Pre-match there was an impeccably honourable period of applause for Bobby Graham and Joey Jones by both sets of supporters and it occurred to me, not for the first time, that like every other moment we have that commemorates death, this is for the living.
To an extent it is to tell today’s players that we won’t forget. That we will honour. And let’s make a pact, you and I, right now – in thirty years tell someone about Ryan Gravenberch today. Tell them how he had had 48 hours recovery and surged and scored against The Blues. Tell them how he fought for his life and ours second-half. They tell of his touch and his courage. Let’s all meet up in the year 2000. Won’t it be strange when we are grey and old.
Dominik Szoboszlai offers all the above but without the goal. He was impeccable throughout. He is the most ‘Champion’. It feels lifting the trophy has lifted him most of all. He is the essence of a midfielder in 2025 and he should sleep tonight. I’d love him to still be asleep when we kick off against Southampton. He’s magnificent.
At left-back Milos Kerkez announces himself for the second successive league game. I’m glad it feels like he has hit his straps and worth remembering it is hard for players who play deeper. They don’t get to be Hugo Ekitike who plays football like he is using it to warm up for a big night out. He’s full of exuberance. He backs himself and we back him too. I love how this crowd loves him. There are shiny things everywhere, transfer records, living legends, Dominik Fucking Szoboszlai, but Ekitike preens himself as the shiniest and we love a lad who backs himself.
Mo Salah spends the first-half being brilliant and the second digging in. He won’t stop in his pursuit of the points. He’s a nightmare to play against because he has it all, and it all includes that will to win. He is with the collective in a way which belies modern greatness. Argentina created a platform for Messi but Salah will carry the whole platform on his back if that’s what it takes.
The centre-halves are excellent when worked and move the ball well when not. The captain owns and runs the gaff. Konate enjoys the scrap.
Liverpool embrace it being hard because they have those two and that goalkeeper. They embrace the football match getting horrible. They’ve had their week and they know that Virgil van Dijk is constant, that Ibou Konate is first.

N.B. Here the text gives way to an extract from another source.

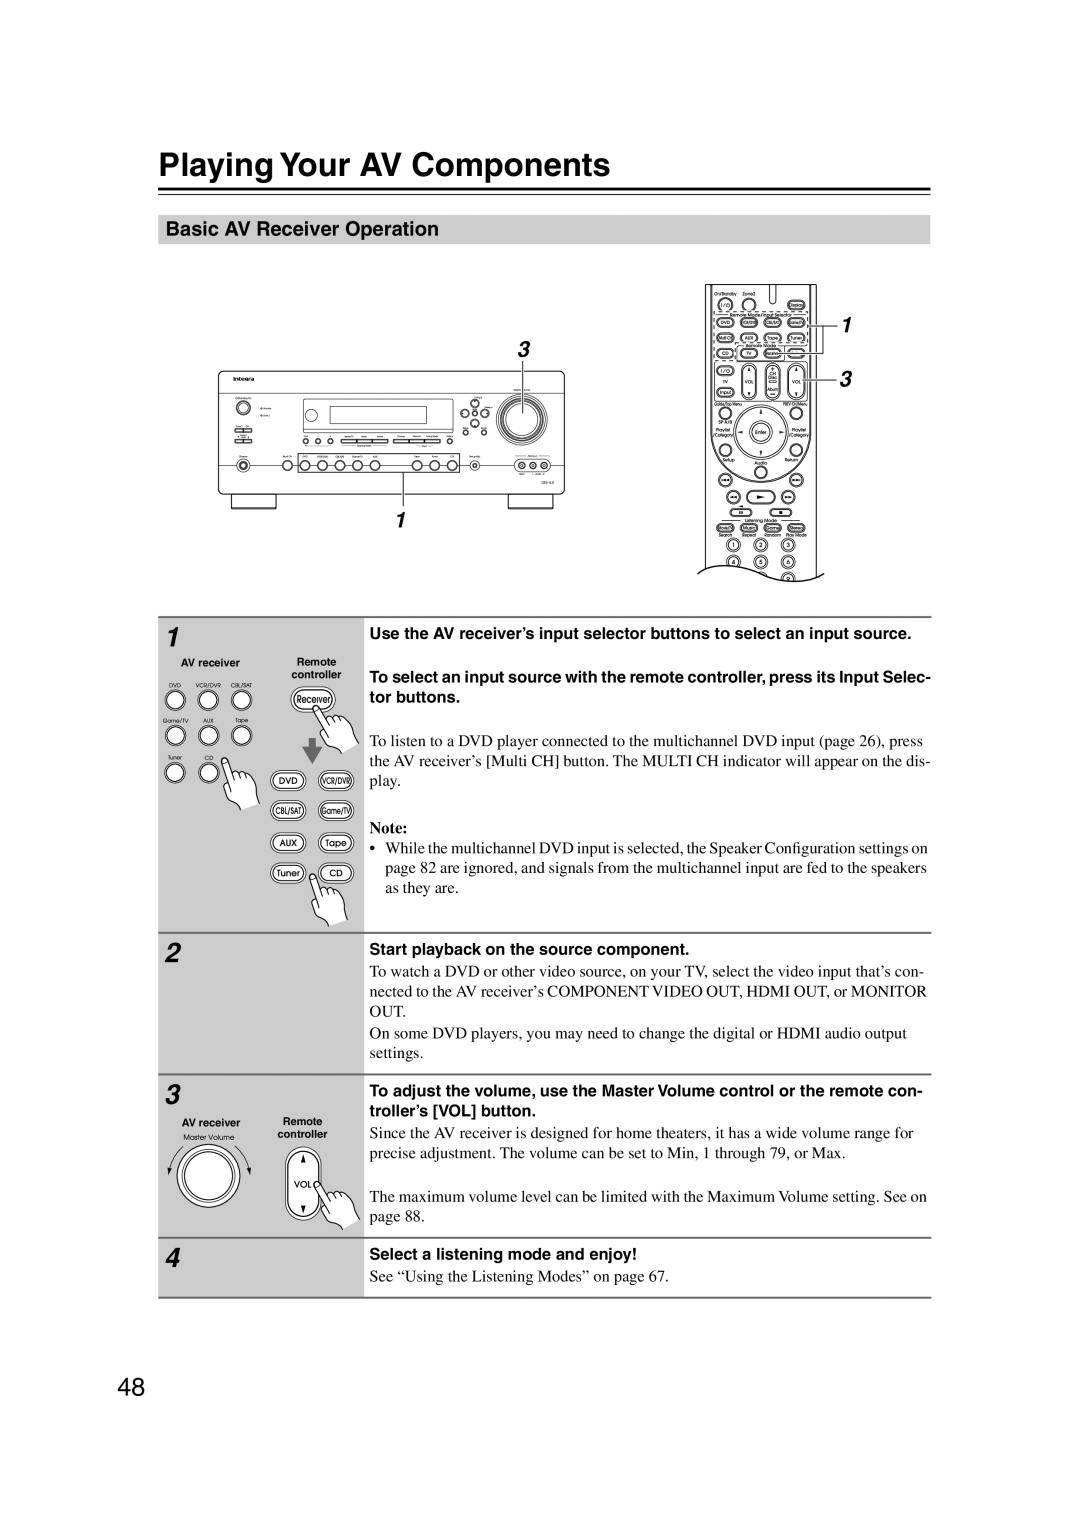 Integra DTR-5.9 instruction manual Playing Your AV Components, Basic AV Receiver Operation

And they know how good The Blues are. The first-half is a Liverpool manager anticipating the game perfectly and knowing where the holes are. The second is a small gamble, influenced by the Evertonian intensity.
I would like the Derby to always have a week either side. Maybe two. Maybe days of press conferences leading up and open training. In my mind it ought to be that way because this is the game I most want to win, home and away. But we don’t have that luxury.
What we have instead is warriors, is control of the scoreboard, on top of territory. 3,000 Evertonians stay to show their appreciation of valiant efforts and good on them all round. No side, no snide. This is a decent Everton side for whom 8th is of far more interest than 18th.
But we’re blessed, genuinely blessed, that they see the crescent but we get the whole of the moon in this moment. Liverpool have fifteen points, are the reigning Champions and are improving game by game.
Today the city gets to be ours, metaphorically and literally. The idea of going in after they took points off us would have been heartbreaking. The weekend gets to be ours too. Massive game tomorrow for the challengers to the Champions.
These are the days of our lives, however precarious a second-half it felt. These are the days we will look back on with love and affection.
Be there, two o’clock by the fountain down the road.